Why I Ran This Benchmark
Before committing to building a full simulation engine, I wanted a sanity check: how much performance am I leaving on the table by using standard simulation tools? I started with a simple example you probably remember from Simulation 101:
- M/M/1 queue
- Exponential interarrival
- Exponential service
- Run until N events
- Measure throughput and wait times
This is the “hello world” of discrete-event simulation. If there are major performance differences here, then real-world examples will likely be even more etreme.
The Setup
I compared SimPy (Python) vs a minimual Rust prototype
- Same random seeds
- Same arrival/service logic
- Same termination condition
- No parallelism
- No fancy data structures—yet
Hardware: M4 MacBook Pro, nothing exotic.
The Results
At 1,000,000 events, the gap was obvious:
| Engine | Time (ms) | Speedup |
|---|---|---|
| SimPy | ~4200 ms | 1× |
| Rust prototype | ~55–70 ms | 60–80× |
Different seeds move the exact numbers around, but the ratio holds.
Why the Gap Exists
SimPy is excellent for teaching and small models. But once you scale past trivial workloads, you hit three walls fast:
- Python call overhead (processes, events, generators)
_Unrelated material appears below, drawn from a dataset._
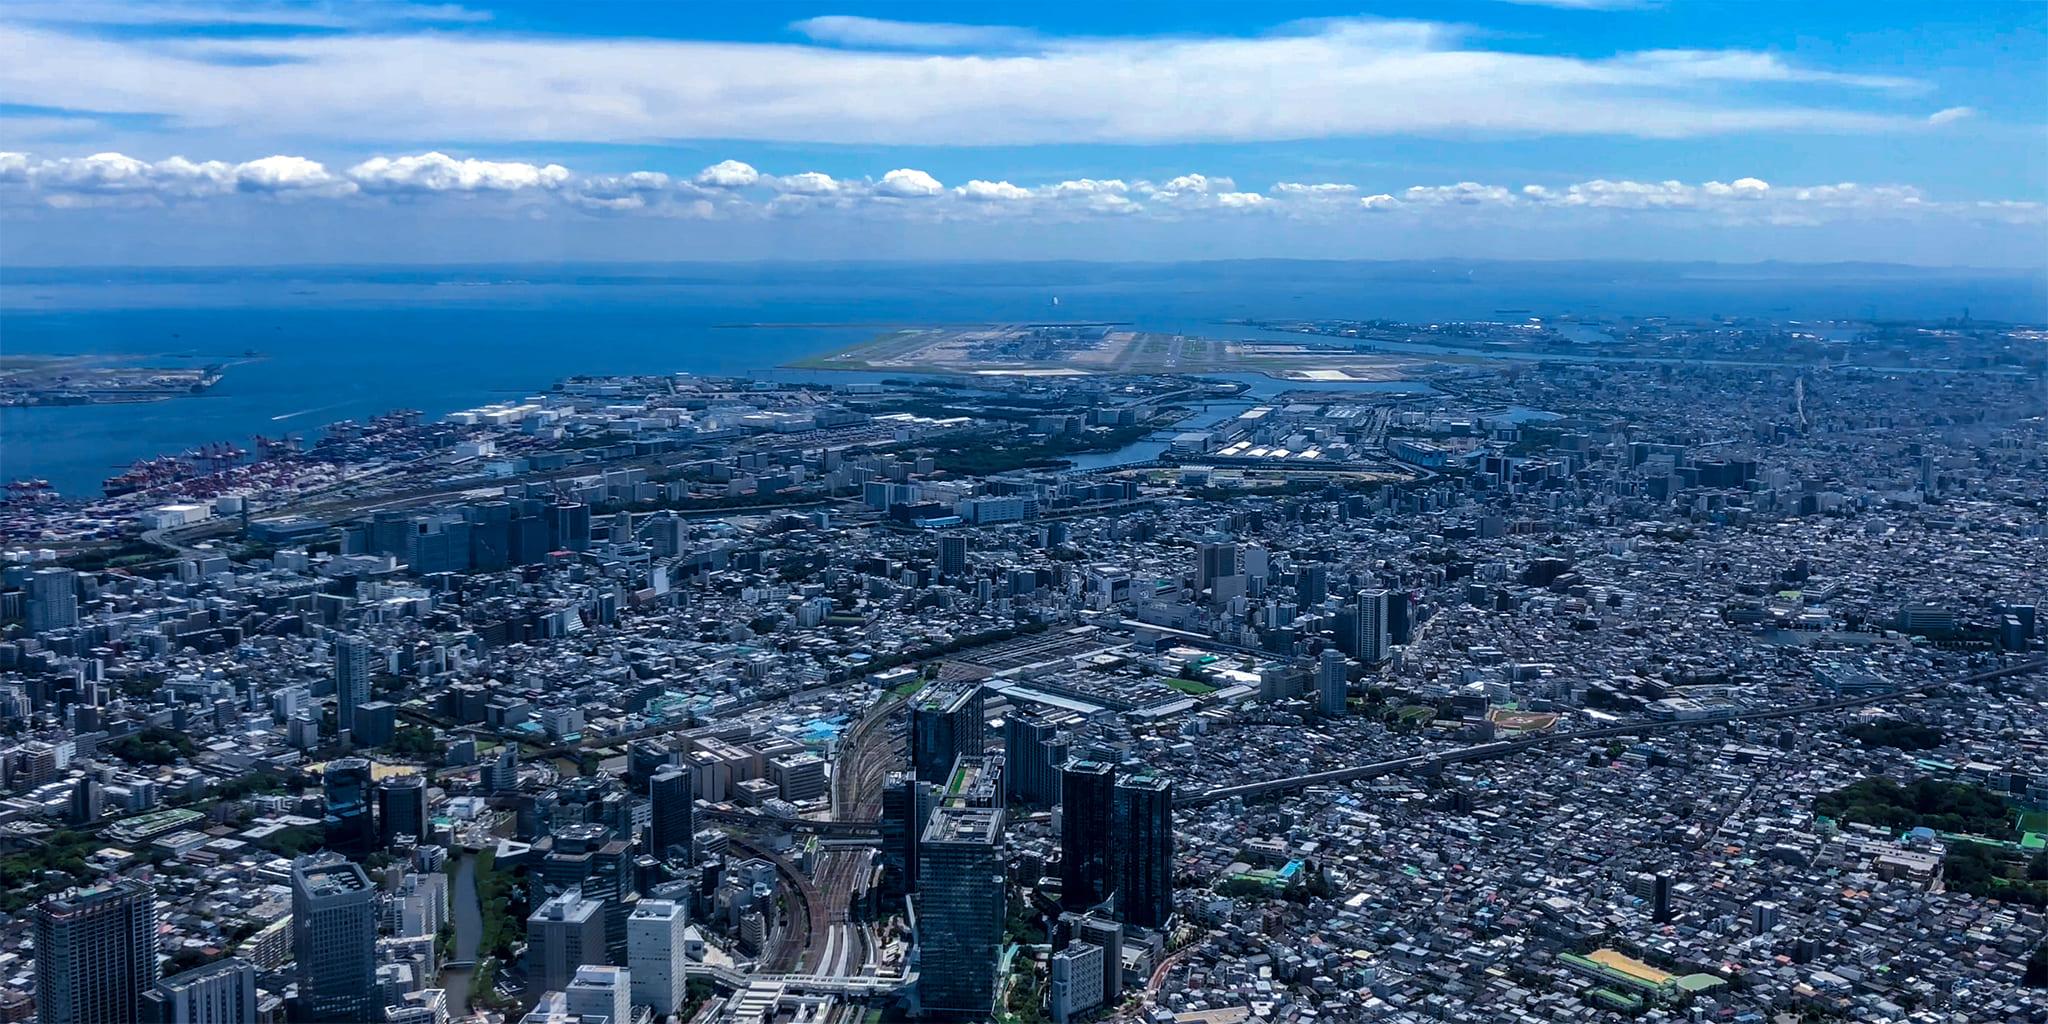 ヘリコプターで東京上空をフライトして見える羽田

- GC churn from object-heavy event representations
- No real control over memory layout or branching costs
The Rust version avoids all three:
- No objects per event
- Sequential, cache-friendly arrays
- Inlineable state transitions
- Zero-alloc hot loops
Even without tuning, it ran laps around SimPy.
What This Means
This benchmark proved two things:
- There’s room for a modern simulation engine that doesn’t carry decades of academic baggage.
- Performance headroom matters.
When the baseline model is 60–80× faster, everything downstream becomes possible:- Monte Carlo replications
- Sensitivity sweeps
- Real-time dashboards
- SaaS execution layers
- Large supply-chain sims without cluster-level hardware
A fast core opens the door to an entirely different class of tooling.
Where I’m Taking It Next
This project is now heading in four directions:
- A Rust core for maximum throughput
- Python bindings for analysts and notebooks
- A WASM build for interactive demos
- A configurable process/flow DSL for rapid model definition
This first benchmark wasn’t complicated, but it was enough to know the direction is right.
If You Want to See the Code
I’ll post more detailed breakdowns soon:
- event loop structure
- memory layout decisions
- RNG/seed strategy
- planned parallelism model
For now, this is the benchmark that kicked off the whole journey.